Untuk Kabupaten Karawang, pelaksanaan pencoblosan dijadwalkan pada 22 November 2026, sedangkan pelantikan kepala desa terpilih direncanakan pada 14 Desember 2026. Pilkades akan mencakup 67 desa di 25 kecamatan dengan persiapan sebanyak 438 tempat pemungutan suara (TPS) digital yang dilengkapi sistem keamanan terenkripsi.
Kabupaten Subang dijadwalkan menggelar Pilkades pada 6 Desember 2026. Sebanyak 165 desa akan mengikuti pesta demokrasi tersebut. Selain mempersiapkan penerapan metode digital di sejumlah titik percontohan, pemerintah daerah juga memberikan perhatian khusus terhadap netralitas aparatur desa.
Adapun Kabupaten Ciamis menjadwalkan pelaksanaan Pilkades pada 13 Desember 2026. Sebanyak 40 desa akan mengikuti pemilihan. Saat ini, tahapan persiapan dan sosialisasi sistem digital terus dioptimalkan agar masyarakat memahami mekanisme pemilihan yang akan diterapkan.
Rahmat mengatakan perbedaan waktu pelaksanaan di setiap kabupaten harus diikuti dengan kesiapan teknis dan regulasi yang jelas.
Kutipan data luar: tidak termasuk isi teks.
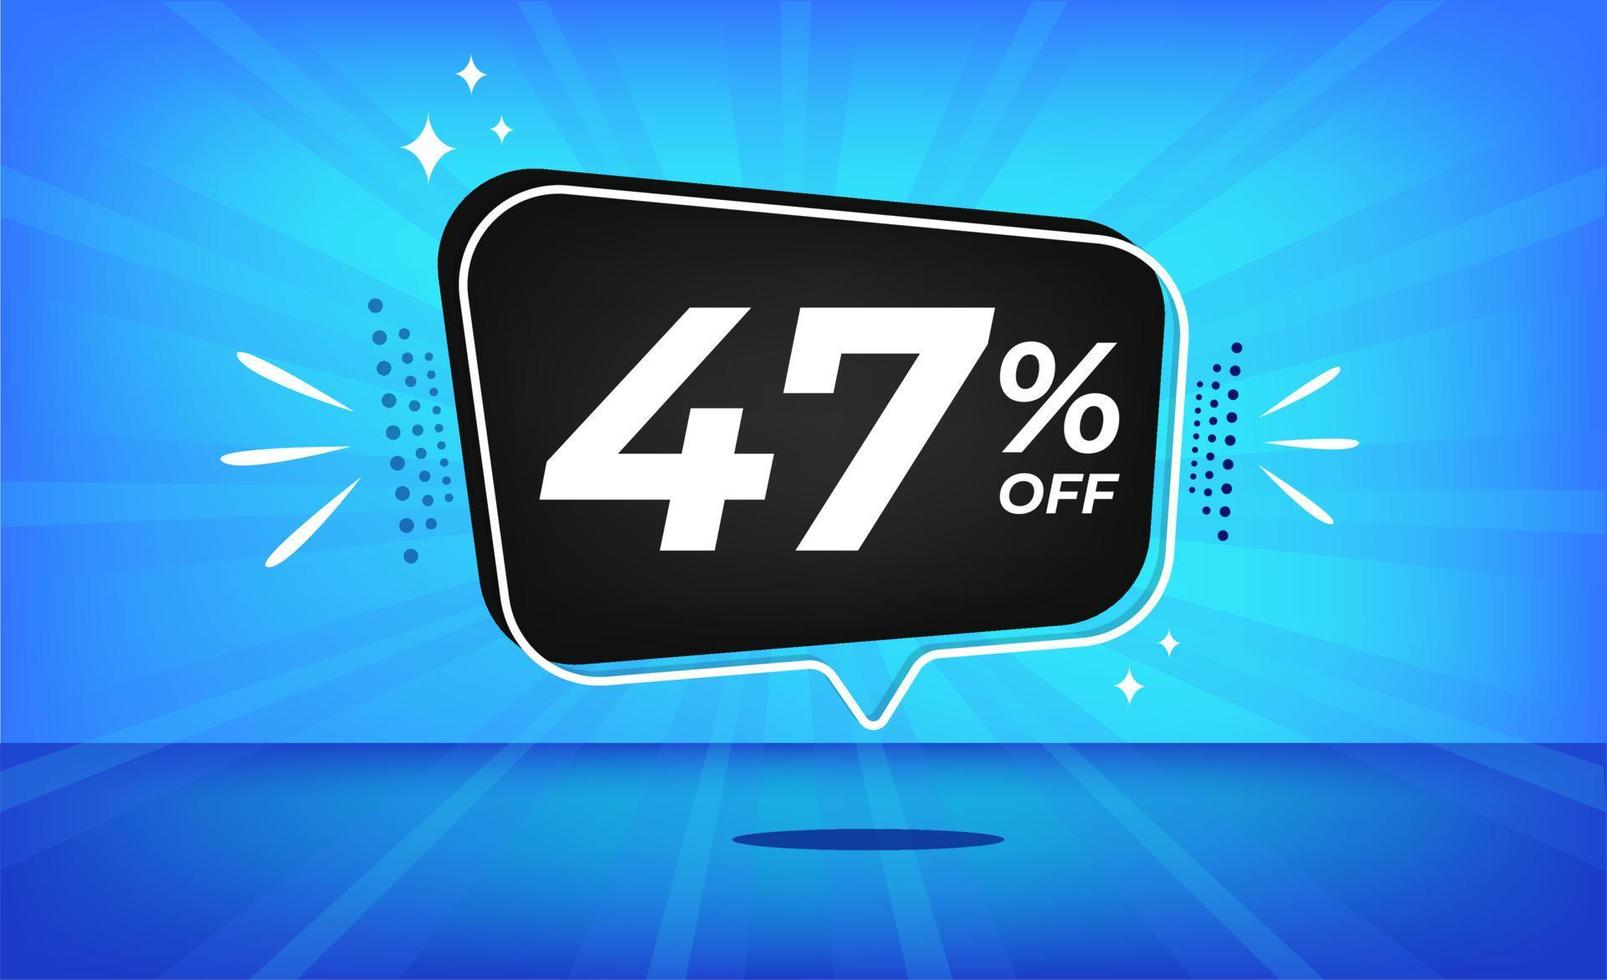 47 percent off. Blue banner with forty-seven percent discount on a black balloon for mega big sales. vector

Pemerintah daerah, kata dia, perlu memastikan masyarakat sebagai pemilih memperoleh informasi yang cukup mengenai mekanisme Pilkades digital.
Selain aspek teknologi, Komisi I DPRD Jabar juga menyoroti pentingnya netralitas aparatur desa. Menurut Rahmat, perangkat desa harus menjaga independensi selama seluruh tahapan Pilkades agar proses demokrasi berlangsung secara adil dan dapat dipercaya masyarakat.